Closed-loop transfer function and block diagram
A block diagram of the second order closed-loop control system with unity negative feedback is shown below in Figure 1,
For underdamped case, the step-response of a second-order is
\[C(s) = R(s)\frac{{\omega _n^2}}{{{s^2} + 2\xi {\omega _n}s + \omega _n^2}}…(1)\]
The input to the system is unit step function, so in s-domain,
\[R(s) = \frac{1}{s}……(2)\]
and in time (t) domain, input unit step function is
\[r(t) = 1\]
Using Equation 1 and Equation 2 gives,
\[C(s) = \frac{1}{s}.\frac{{\omega _n^2}}{{{s^2} + 2\xi {\omega _n}s + \omega _n^2}}….(3)\]

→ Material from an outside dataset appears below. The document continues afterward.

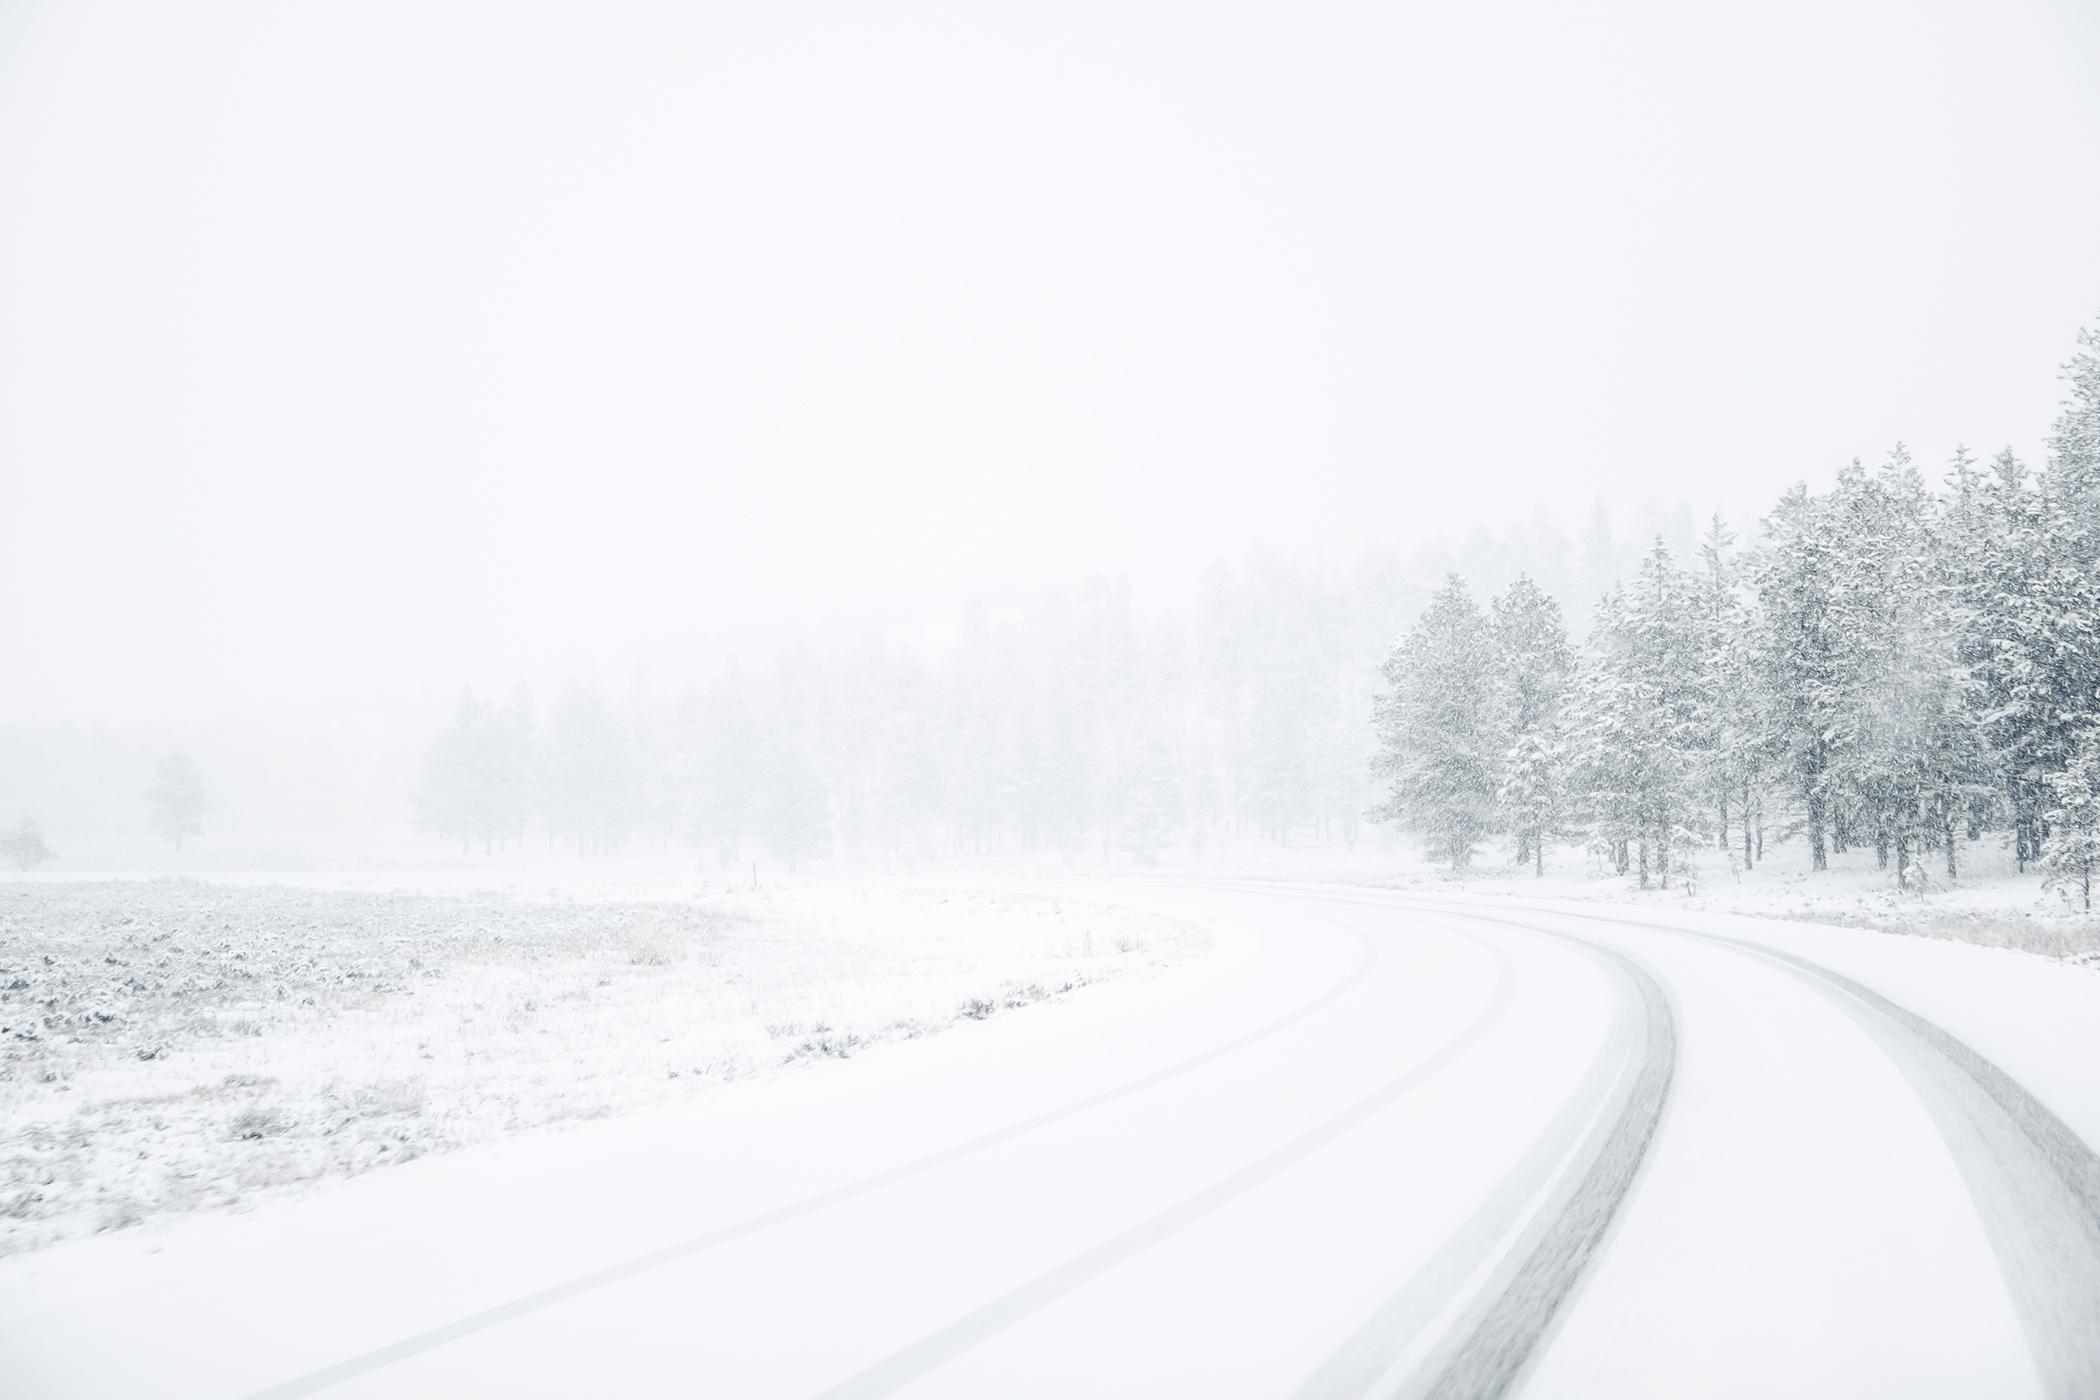 Fade into white

Applying partial fraction on Equation 3 gives
\[C(s) = \frac{1}{s} – \frac{{s + 2\xi {\omega _n}}}{{{s^2} + 2\xi {\omega _n}s + \omega _n^2}}……(4)\]
The denominator term ${s^2} + 2\xi {\omega _n}s + \omega _n^2$ of Equation 4 can be written as
\[{s^2} + 2\xi {\omega _n}s + \omega _n^2 = {(s + \xi {\omega _n})^2} + \omega _n^2(1 – {\xi ^2})….(5)\]
Also,
\[\omega _d^2 = \omega _n^2(1 – {\xi ^2})….(6)\]

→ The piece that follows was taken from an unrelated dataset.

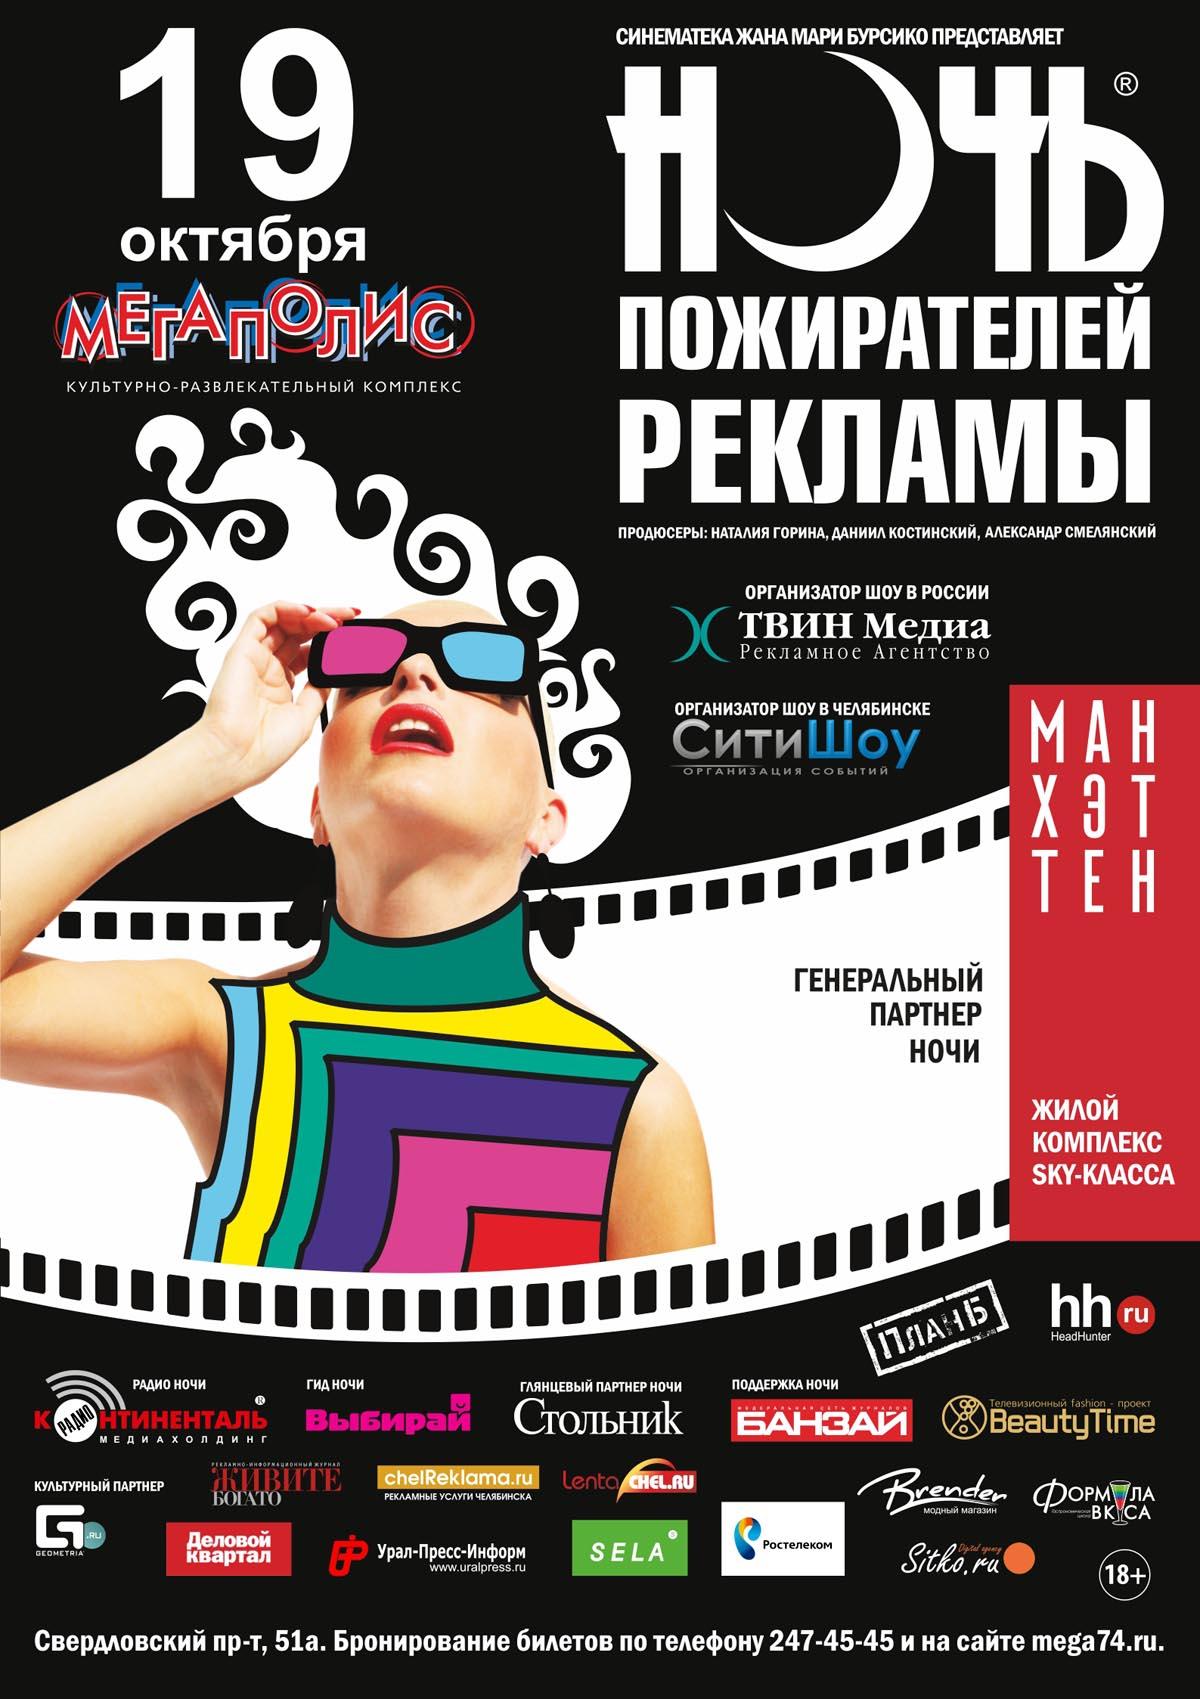 В Челябинске 19 октября состоится «Ночь пожирателей рекламы» – одно из самых ярких и долгожданных

Equation 4 can be written using Equation 5 and Equation 6 as,
\[C(s) = \frac{1}{s} – \frac{{s + \xi {\omega _n}}}{{{{(s + \xi {\omega _n})}^2} + \omega _d^2}} – \frac{{\xi {\omega _n}}}{{{\omega _d}}}.\frac{{{\omega _d}}}{{{{(s + \xi {\omega _n})}^2} + \omega _d^2}}….(5)\]
Applying inverse laplace transform on both sides of Equation 5
\[{\mathscr{L}^{ – 1}}C(s) = {\mathscr{L}^{ – 1}}\left[ {\frac{1}{s} – \frac{{s + \xi {\omega _n}}}{{{{(s + \xi {\omega _n})}^2} + \omega _d^2}} – \frac{{\xi {\omega _n}}}{{{\omega _d}}}.\frac{{{\omega _d}}}{{{{(s + \xi {\omega _n})}^2} + \omega _d^2}}} \right]\]
\[c(t) = 1 – {e^{ – \xi {\omega _n}t}}.\cos {\omega _d}t – \frac{{\xi {\omega _n}}}{{{\omega _d}}}.{e^{ – \xi {\omega _n}t}}.\sin {\omega _d}t…..(6)\]
Put ${\omega _d} = {\omega _n}\sqrt {1 – {\xi ^2}}$ in Equation 6 gives,
\[c(t) = 1 – \frac{{{e^{ – \xi {\omega _n}t}}}}{{\sqrt {1 – {\xi ^2}} }}.\left[ {\xi \sin {\omega _d}t + \sqrt {1 – {\xi ^2}} \cos {\omega _d}t} \right]…..(7)\]
Using the identity,
\[A\sin \omega t + B\cos \omega t = \sqrt {{A^2} + {B^2}} \sin \left[ {\omega t + {{\tan }^{ – 1}}\frac{B}{A}} \right]….(8)\]
Now, comparing term $\xi \sin {\omega _d}t + \sqrt {1 – {\xi ^2}} \cos {\omega _d}t$ of Equation 7 and term $A\sin \omega t + B\cos \omega t$ of Equation 8 gives,
$A = \xi$ ; $B = \sqrt {1 – {\xi ^2}}$ ; $\omega = {\omega _d}$
Equation 7 can be written as
\[c(t) = 1 – \frac{{{e^{ – \xi {\omega _n}t}}}}{{\sqrt {1 – {\xi ^2}} }}\sin \left[ {{\omega _d}t + {{\tan }^{ – 1}}\frac{{\sqrt {1 – {\xi ^2}} }}{\xi }} \right]\]
or,
\[c(t) = 1 – \frac{{{e^{ – \xi {\omega _n}t}}}}{{\sqrt {1 – {\xi ^2}} }}\sin \left[ {{\omega _d}t + \theta } \right]….(9)\]
where,
\[\theta = {\tan ^{ – 1}}\frac{{\sqrt {1 – {\xi ^2}} }}{\xi }.\]
put, ${\omega _d} = {\omega _n}\sqrt {1 – {\xi ^2}}$ in Equation 9 gives,
\[c(t) = 1 – \frac{{{e^{ – \xi {\omega _n}t}}}}{{\sqrt {1 – {\xi ^2}} }}\sin \left[ {({\omega _n}\sqrt {1 – {\xi ^2}} )t + \theta } \right]…(10)\]
Here Equation 10 is the time response of a second-order for underdamped case when unit step function applied, is plotted in Figure 2 as shown below
The term ${\omega _n}$ is called the natural frequency of oscillations. The term ${\omega _d} = {\omega _n}\sqrt {1 – {\xi ^2}}$ is damped frequency of oscillations. The term $\xi$ is the damping ratio and the term $\xi {\omega _n}$ is the damping factor or actual damping or damping coefficient. Also $t_d$ is delay time, $t_r$ is rise time, $t_p$ is peak time, $t_s$ is settling time and $M_p$ is peak overshoot.